_HOW TO COMPLETE THIS TASK_. Since only part of the material below is wanted, output exactly the lines from the one with "hama ist preis" up to and including the one with "CvS Ultron! soon".

_DATA EXCERPTS_.
((

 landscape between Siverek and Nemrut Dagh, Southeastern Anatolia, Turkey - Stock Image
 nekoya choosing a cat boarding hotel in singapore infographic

))
((

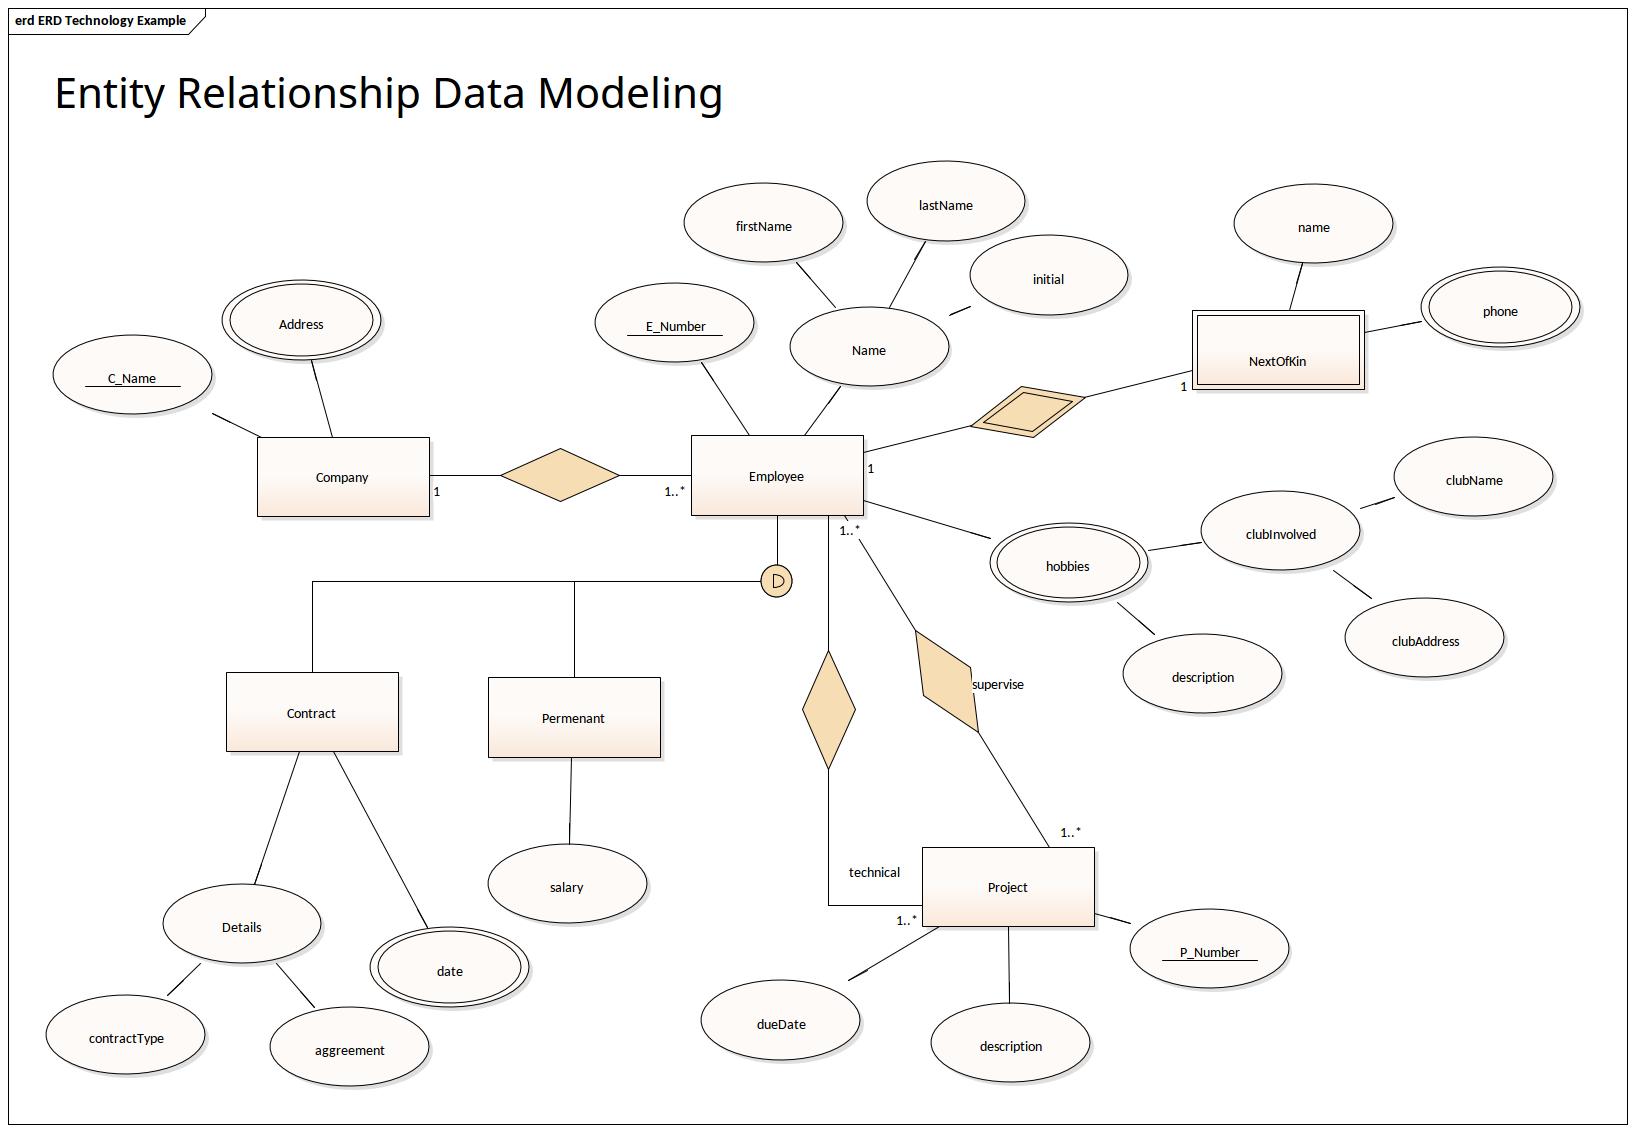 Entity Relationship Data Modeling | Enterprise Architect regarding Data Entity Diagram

))
((

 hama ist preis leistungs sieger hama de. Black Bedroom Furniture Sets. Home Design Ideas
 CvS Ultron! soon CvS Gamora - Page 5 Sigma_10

))

_COMPLETED EXERCISE_.
 hama ist preis leistungs sieger hama de. Black Bedroom Furniture Sets. Home Design Ideas
 CvS Ultron! soon CvS Gamora - Page 5 Sigma_10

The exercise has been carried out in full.